UNK_IDX = TEXT.vocab.stoi[TEXT.unk_token]

model.embedding.weight.data[UNK_IDX] = torch.zeros(EMBEDDING_DIM)
model.embedding.weight.data[PAD_IDX] = torch.zeros(EMBEDDING_DIM)

print(model.embedding.weight.data)

tensor([[ 0.0000,  0.0000,  0.0000,  ...,  0.0000,  0.0000,  0.0000],
        [ 0.0000,  0.0000,  0.0000,  ...,  0.0000,  0.0000,  0.0000],
        [-0.0382, -0.2449,  0.7281,  ..., -0.1459,  0.8278,  0.2706],
        ...,
        [-0.4514,  0.2532, -0.4848,  ..., -0.8656,  0.0834,  0.3125],
        [-2.1498,  0.0503, -2.1136,  ...,  0.7646, -0.3180, -0.1118],
        [-0.6409,  1.7305,  1.1259,  ...,  0.0879,  0.1361,  0.4924]])
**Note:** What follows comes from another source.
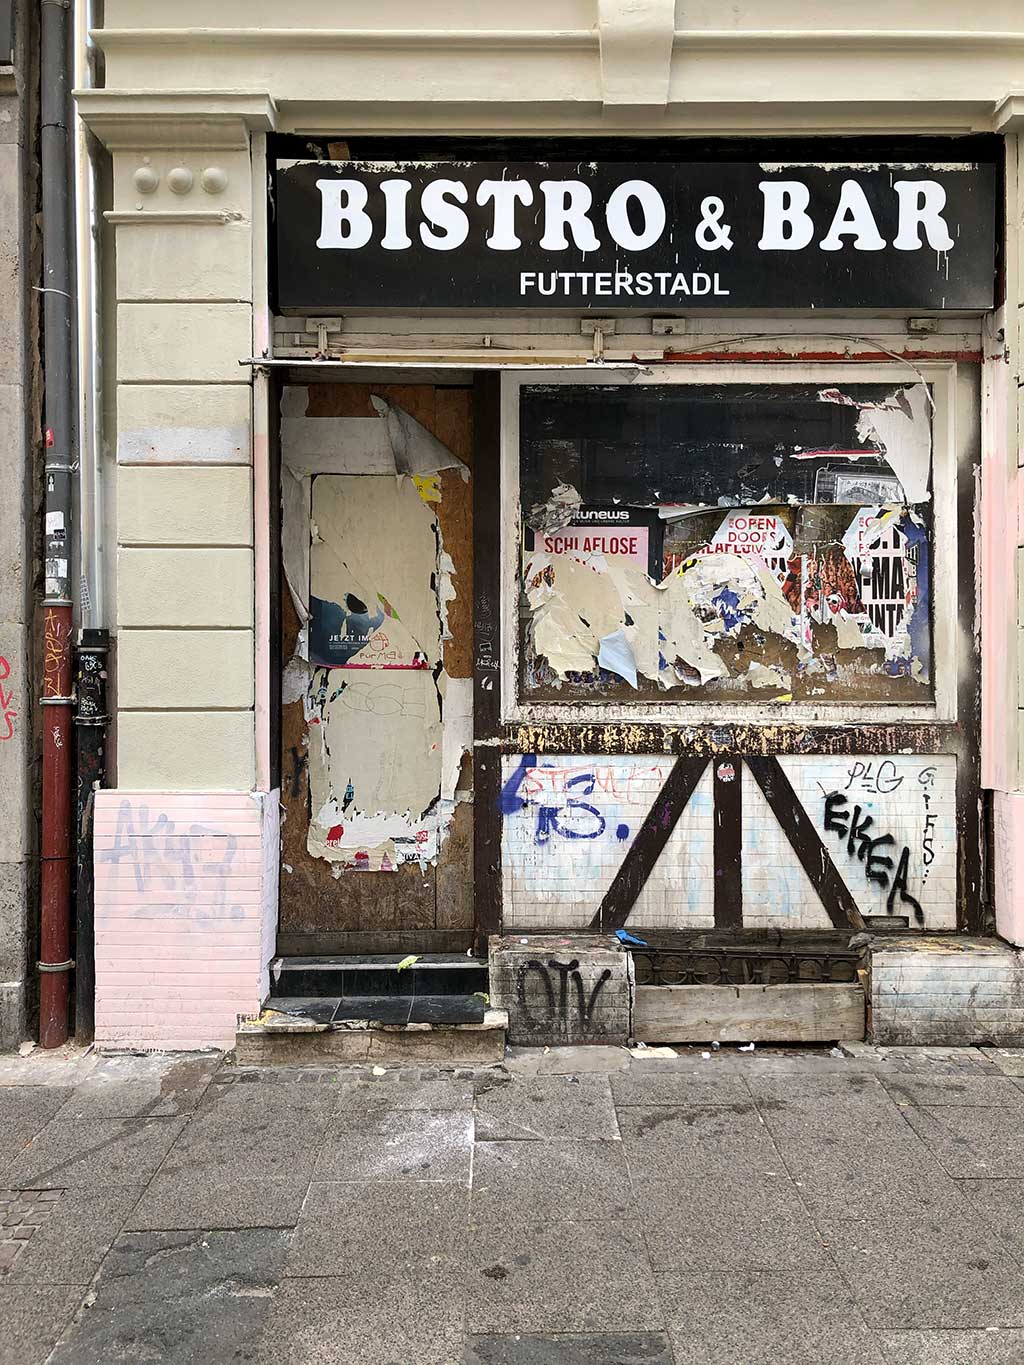 Bistro & Bar Futterstadl im Frankfurter Bahnhofsviertel

## Training and Choosing Optimizer and Criterion for the Model

Now we train the model. We choose Adam for the optimizer and use a BCEWithLogitsLoss function for the criterion and place the model on a GPU if available. Additionally, we experiment with another optimizer, SGD.

In [None]:
import torch.optim as optim

# trying SGD
# optimizer = optim.SGD(model.parameters(), lr=1e-3)

# trying Adam
optimizer = optim.Adam(model.parameters())

In [None]:
criterion = nn.BCEWithLogitsLoss()

model = model.to(device)
criterion = criterion.to(device)

We implement the function to calculate accuracy...

In [None]:
def binary_accuracy(preds, y):
    """
    Returns accuracy per batch, i.e. if you get 8/10 right, this returns 0.8, NOT 8
    """

    #round predictions to the closest integer
    rounded_preds = torch.round(torch.sigmoid(preds))
    correct = (rounded_preds == y).float() #convert into float for division 
    acc = correct.sum() / len(correct)
    return acc

We implement the function to calculate precision.

In [None]:
def binary_precision(preds, y):
    """
    Returns precision per batch, i.e. if you get 8 true positives/10 true positives + false positives right, this returns 0.8, NOT 8
    """
    # round predictions to the closest integer
    rounded_preds = torch.round(torch.sigmoid(preds))
    # correct = (rounded_preds == y).float() #convert into float for division 
    true_pos = 0
    rounded_preds.tolist()
    y.tolist()
    for idx, x in enumerate(rounded_preds):
      if x == 1 and y[idx] == 1:
        true_pos += 1

    # true + false positives
    pred_ones = (rounded_preds == 1.).sum(dim=0)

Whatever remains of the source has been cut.